As the greater darkness enveloped the first, the horrible groan and cry of rage increased so that the whole house shuddered, and then, in a blink, it was gone, and all was silent.

“Maybe the real evil was Madden C. Newton after all,” Angela said. “He’s been the evil in the house all along, tormenting some people—and tapping into the evil to be found in others. Maybe he’s been able to keep the essence of his cruelty alive, and to make it seep into the minds of some who come here. But no more. I think that whatever lurks in hell finally came for him. He managed to exert his influence over others, but we finally fought him on his level. He’s been beaten.”

They were all silent for a moment, wondering what they really saw, what was in the mind, and still, knowing somehow that it had been Madden C. Newton, and he was gone. Only the crumbling bones of the man remained.

“I’m going to call Devereaux and get him over here, no matter how tired he might be,” one of the officers said.

Andy came back with crime scene techs and a medical examiner from the coroner’s office, and the day was spent again with the police. That night, exhausted, the team slept over at the beautiful Hotel Monteleone, where they would stay until it was time to leave the city.

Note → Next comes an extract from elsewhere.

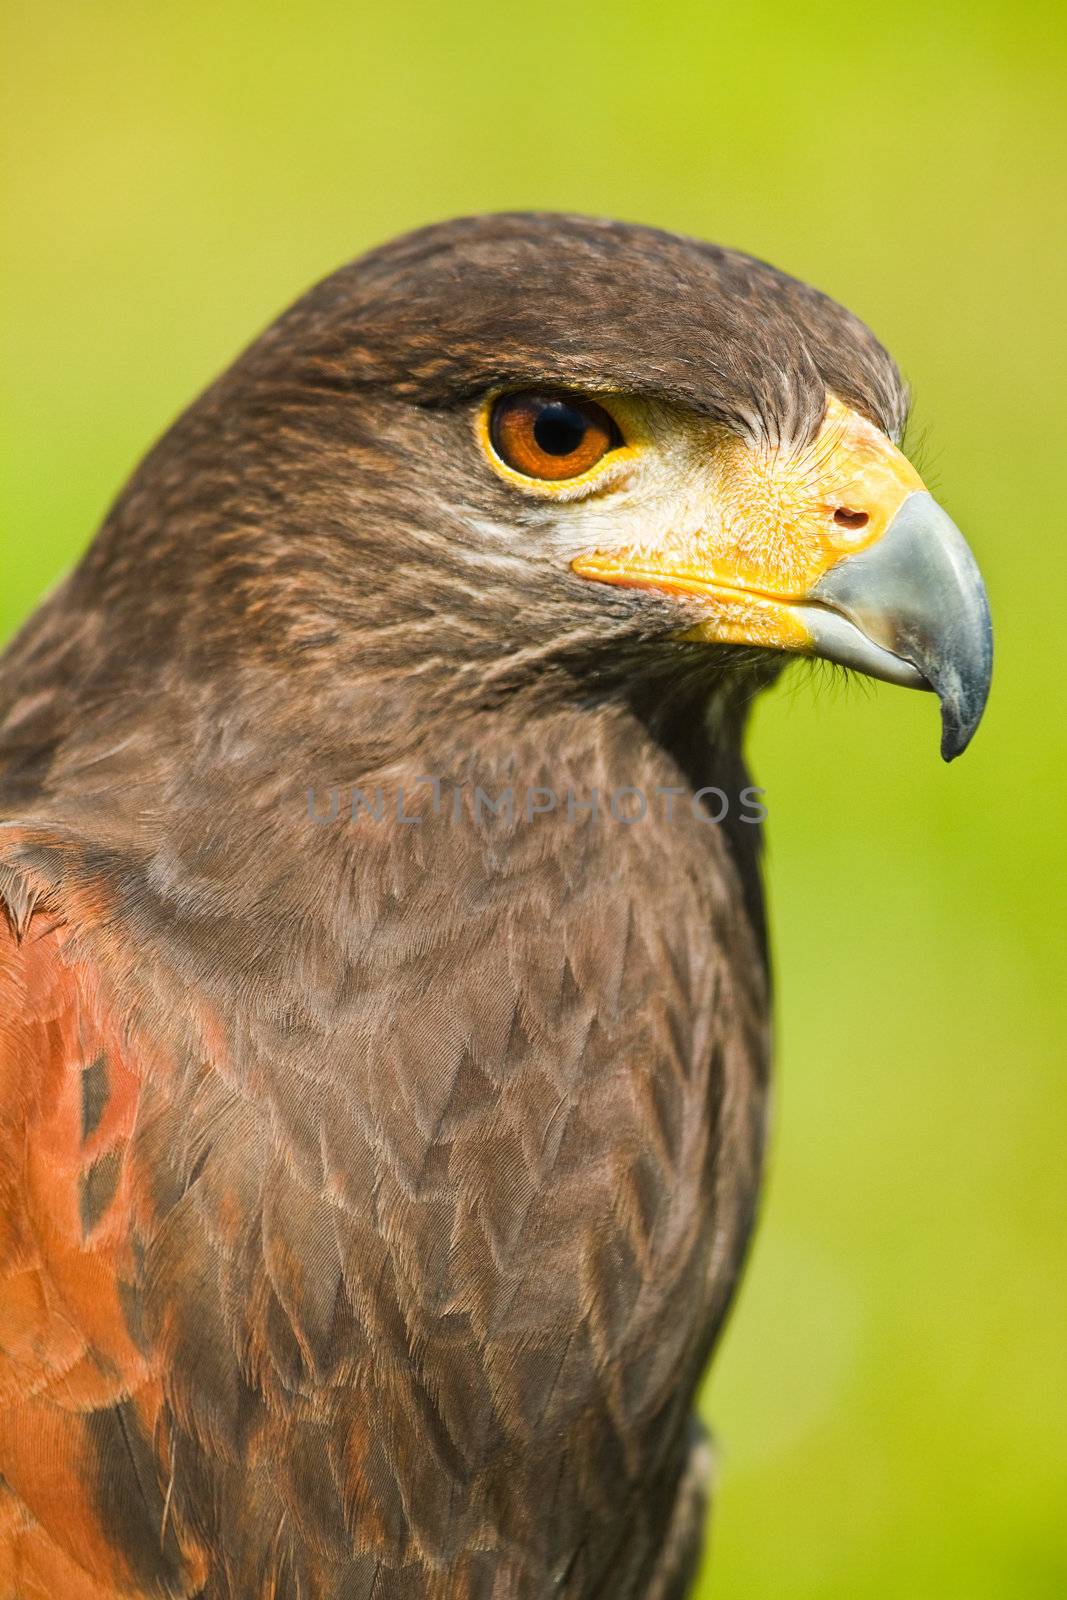 Head of Harris Hawk or Parabuteo unicinctus in side angle view - also called Dusty- or Baywinged hawk
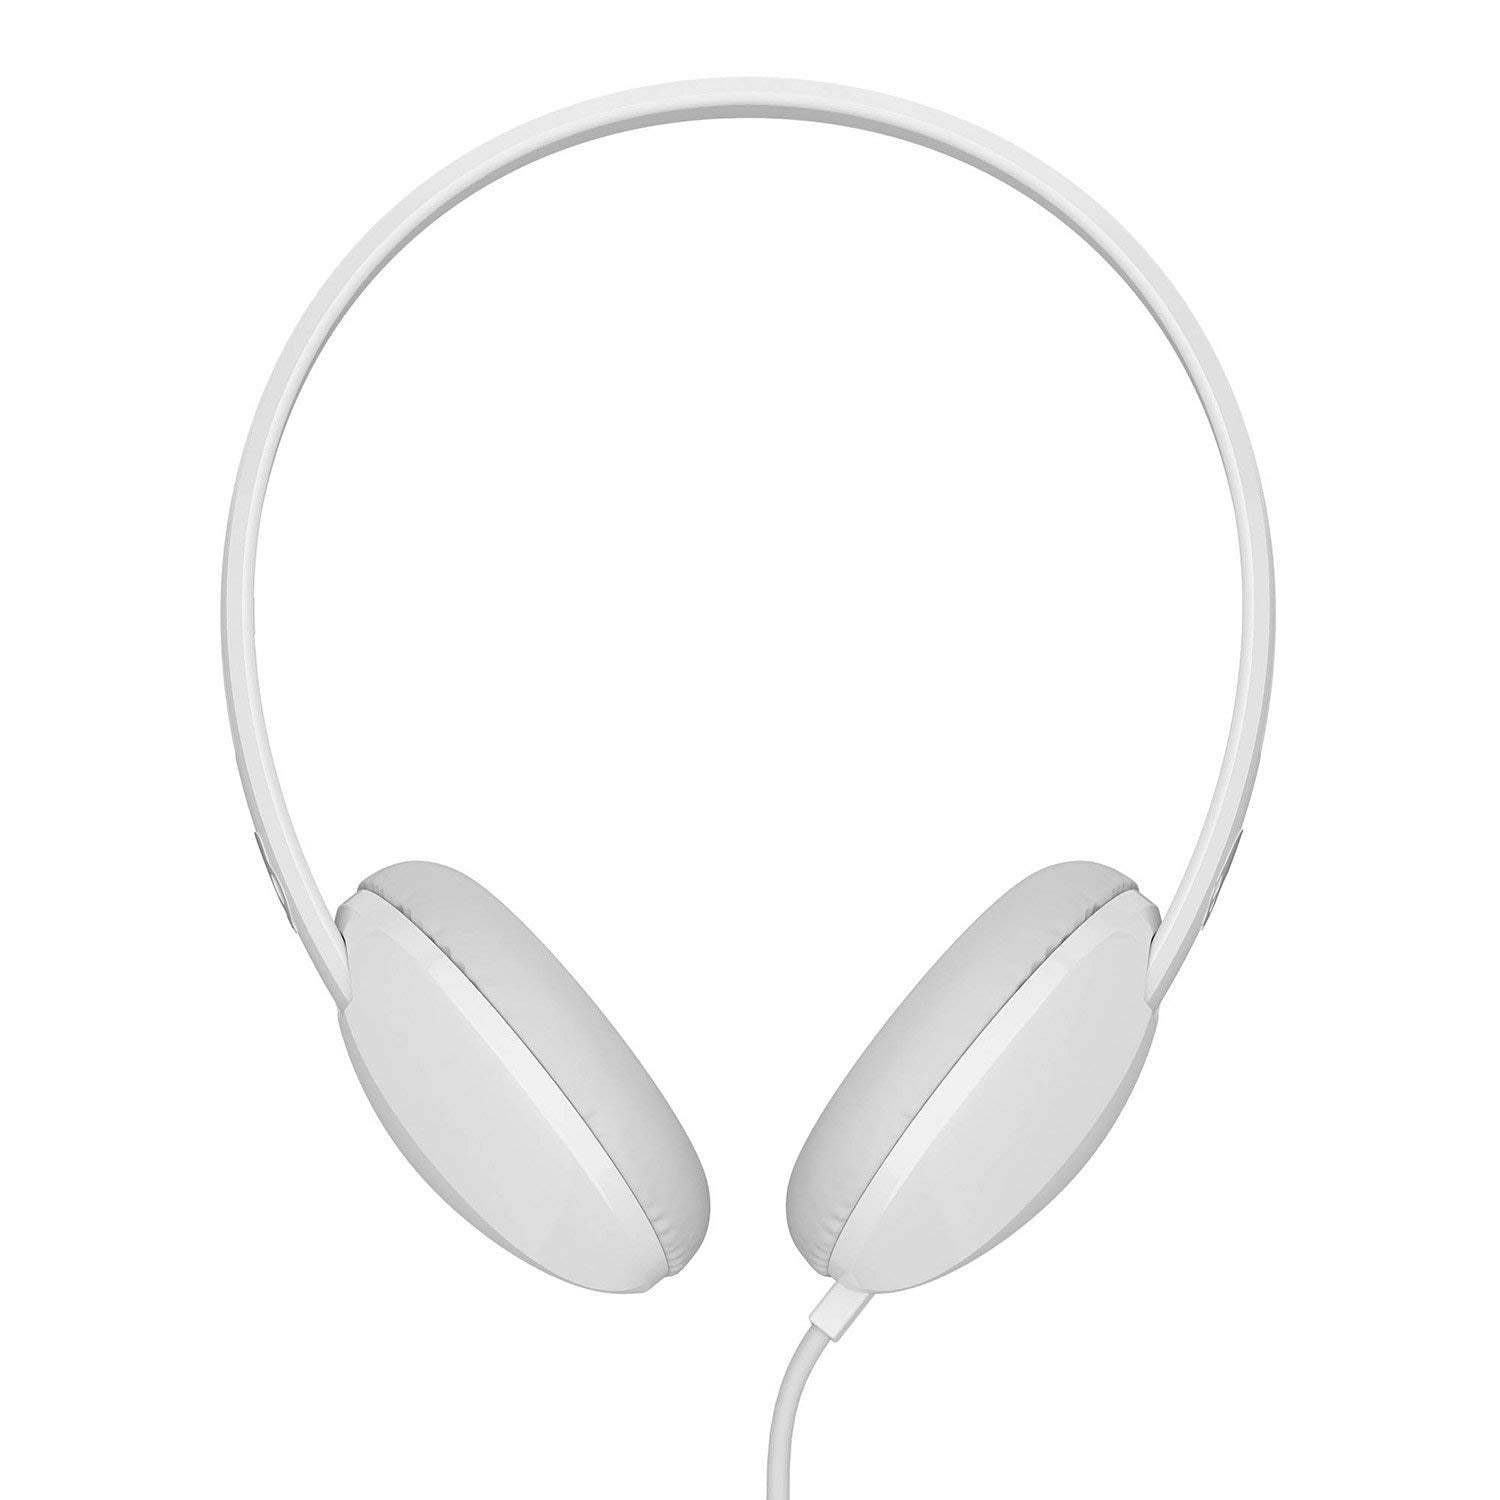 Skullcandy Headphones With Built In Microphone Stim On Ear White Grey

But the next day, Angela wanted to go back to the house—with everyone. Will and Whitney had been released from the hospital, and they were all together again.

She urged Jackson that they go.

“Why?” he asked.

It was Whitney who answered him. “My great-grandmother is coming over, and we’re going to try to see that the children meet their parents.”

The house was still officially under criminal investigation, and yellow tape covered the entire end of the block.

But Andy Devereaux gave them permission. The six members of the team sat with Mama Matisse while she prayed to saints and gods, and incense burned in the air.

The children appeared, still holding hands with the specter of Susanne Crimshaw.

And then, they all saw the light. It was stunning, and it might have been a mass hallucination, except, in their hearts, they all knew that wasn’t so.

There was the light, a shaft, a ray, a hallway. A woman came walking toward them. She was sad, but she smiled when she saw the children. She was dressed in Victorian attire, and she moved slowly at first, and then she ran, and she fell to her knees, taking the children into her arms. She stood then, and hugged Susanne.

Then, other images appeared. Instead of walking toward the light, they were walking from the light.

They remained at a distance; but Angela clearly saw a woman and a little boy. She knew the woman—she recognized her from the pictures she had seen. It was Regina Holloway, and Angela knew then that she had surmised the situation correctly. Regina had never haunted them because she had gone on. She had gone on to be with her son. But she was grateful to them, and she had come there, for just a shimmering instant, to say thank you. She mouthed the words; she smiled, and then she turned away, her son’s hand held tightly in her own.